Русской романтической фантастике потребовалось время для того, чтобы изобразить на самом деле равновесное состояние двух миров. Так, у А. Погорельского в «Лафертовской маковнице» (1825) колебания персонажей (и читателя) еще не носят конструктивного характера, однако их уже можно заметить. В более поздней повести «Черная курица, или Подземные жители» (1829) события реального мира отражаются в событиях в подземном мире, а нарратор гораздо более определенно и системно выстраивает симметричную структуру повествования о странном путешествии: дважды рассказывается о том, как Алеша просыпается после встречи с подземными жителями и дважды решает для себя проблему: «во сне ли все то видел, или в самом деле это происходило?» [Погорельский 2010: 138]. В «Пиковой даме» Пушкина (1833) уже «почти каждая деталь оправдывается двояким способом — и реалистическим, и фантастическим» [Шмид 2013: 287].

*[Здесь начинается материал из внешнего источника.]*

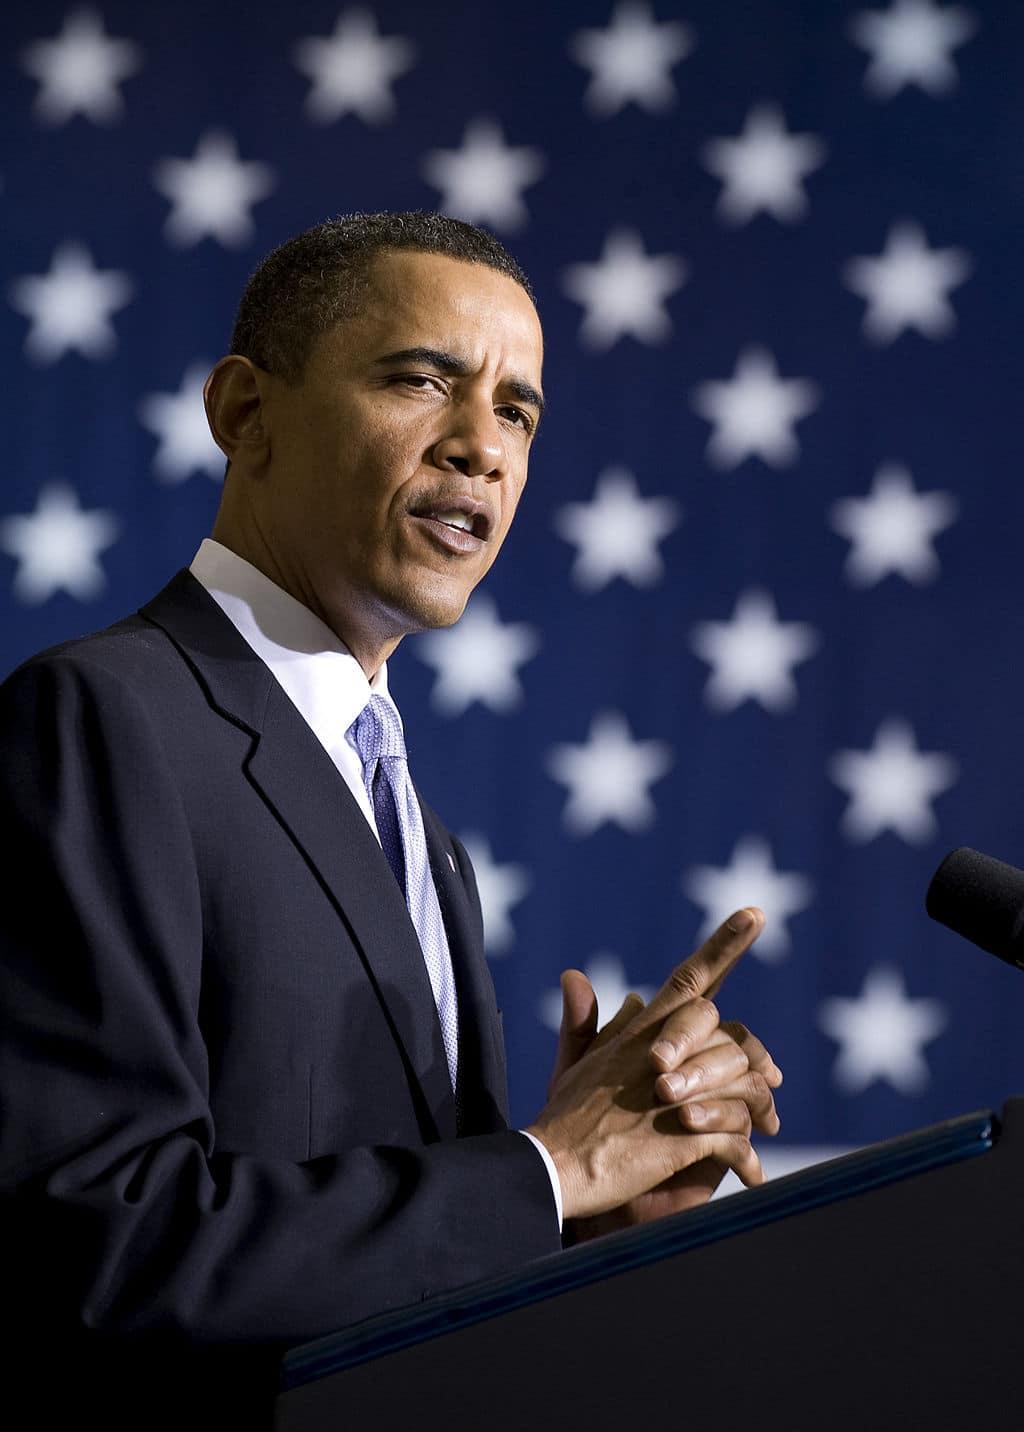 United States President Barack Obama speaks

Романтико-фантастический нарратив в русской литературе XIX в. бытует в одной из двух форм в соответствии с типом нарративной стратегии: 1) притчевый («Черная курица, или Подземные жители» А. Погорельского; «Страшное гадание» А. Бестужева-Марлинского»; «Перстень» Е. Баратынского; «Портрет» Н. Гоголя и др.; 2) анекдотический («Вечер на Хопре» М. Загоскина и др.).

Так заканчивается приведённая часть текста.